Slack adopts 'disasterpiece theater' strategy for running uptime exercises

Dive Brief:

In January 2018, Slack began intentionally replicating production failures to test its systems and engineers of tolerance, similar to a practice "evangelized by Netflix," according to a company blog post Thursday.
The company is calling the process "disasterpiece theater," an "approachable" take on chaos engineering. The "theater" consists of running exploratory exercises where a response plan is circulated among the operations team, according to the blog. Hosts of the exercises document how they will "incite the failure," what commands they'll run, and what Amazon Elastic Compute Cloud instances will be involved.
Slack then asks its hosts how "confident they are that fault tolerance in the dev environment predicts fault tolerance in the prod environment" for the exercise. Hosts also hypothesize how customers mights feel the experimental failure. Each exercise is carried out during a specified time with experts centrally located because Slack is yet to test its monitoring capabilities during a run.

Dive Insight:

Last March Slack created a "safety engineering team" to reduce its downtime compared to other collaboration software vendors. The team was designed to detect operational interferences and work with Slack's software developers.

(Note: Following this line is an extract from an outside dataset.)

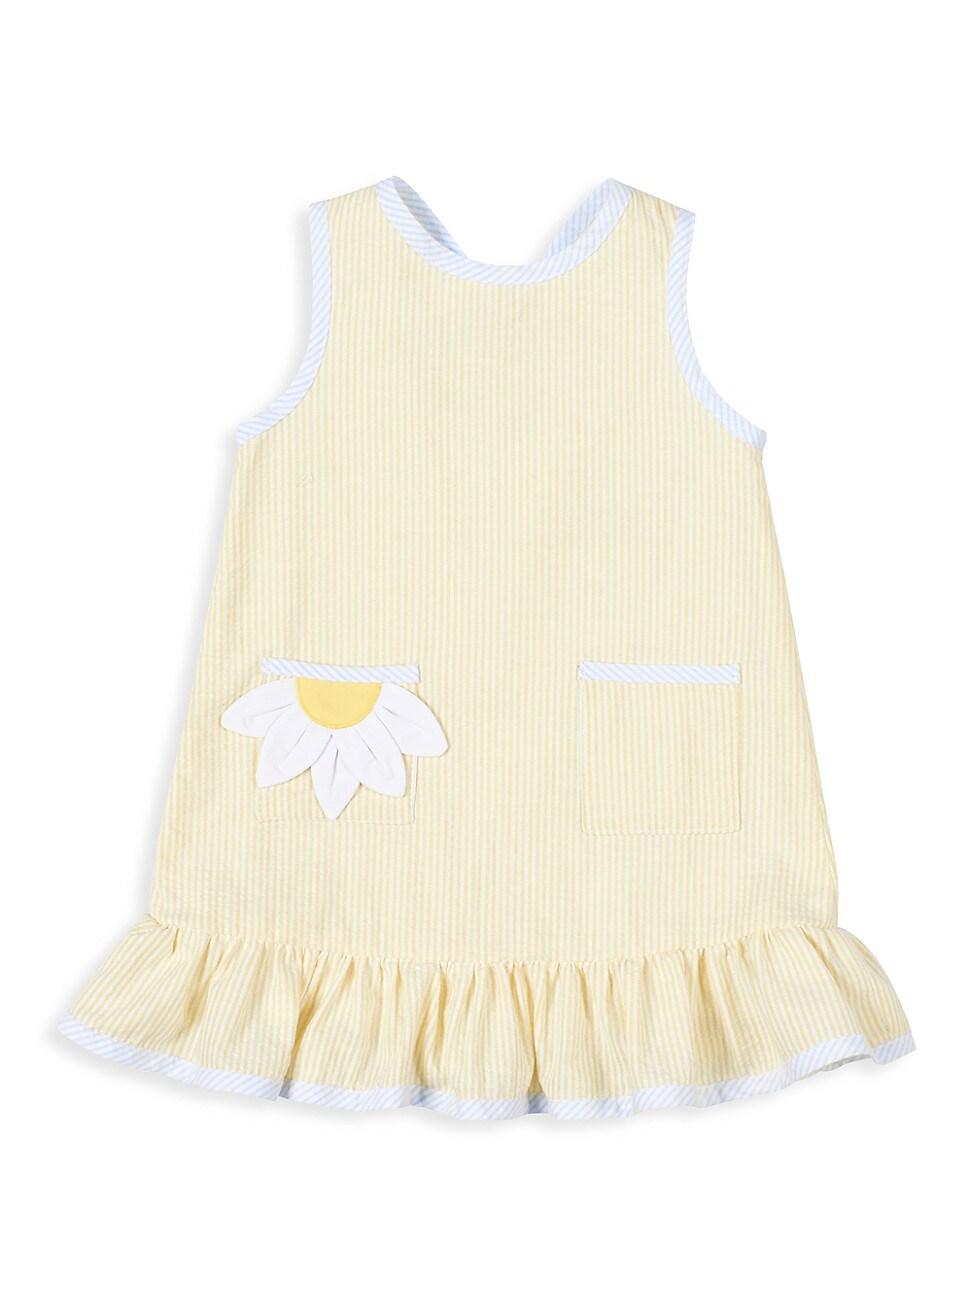 Florence Eiseman Dresses LITTLE GIRL'S DAISY FRESH SEERSUCKER DRESS

Now, more than a year later, the company is public and its platform's uptime usually lingers in the "three nines" range, meaning at least 99.9% uptime, according to its status history from the last year.

But Slack has experienced outages in June and July. The first outage, reported on June 28, went on from about 8 a.m. to about 11 p.m. Eastern Standard Time, according to the issue summary.

The platform experienced further degraded functionality in late July, caused by a "change that inadvertently caused some performance issues," according to the summary.

Netflix, the company Slack is emulating with its exercises, is trying to beat the clock to achieve even less down downtime, striving for four nines of availability. The last two months' outages impacted Slack's "three nines" uptime. June's uptime was reported at 99.83% while July clocked in at 99.87%.

Still, Slack has confidence in its foundational infrastructure but as the platform expands the company recognizes "luck is not an availability strategy," according to the blog post.

Not all of Slack's "disasterpiece" tests make it beyond the development environment. If automated remediation didn't work as expected, engineers won't deploy the test in production.

The company has run "dozens" of "disasterpiece" exercises that have more or less gone according to the plan, said the blog post. However, because of Slack's environment is in constant evolution, the engineering team is rarely able to repeat fault tolerance tests in new code, according to the blog post.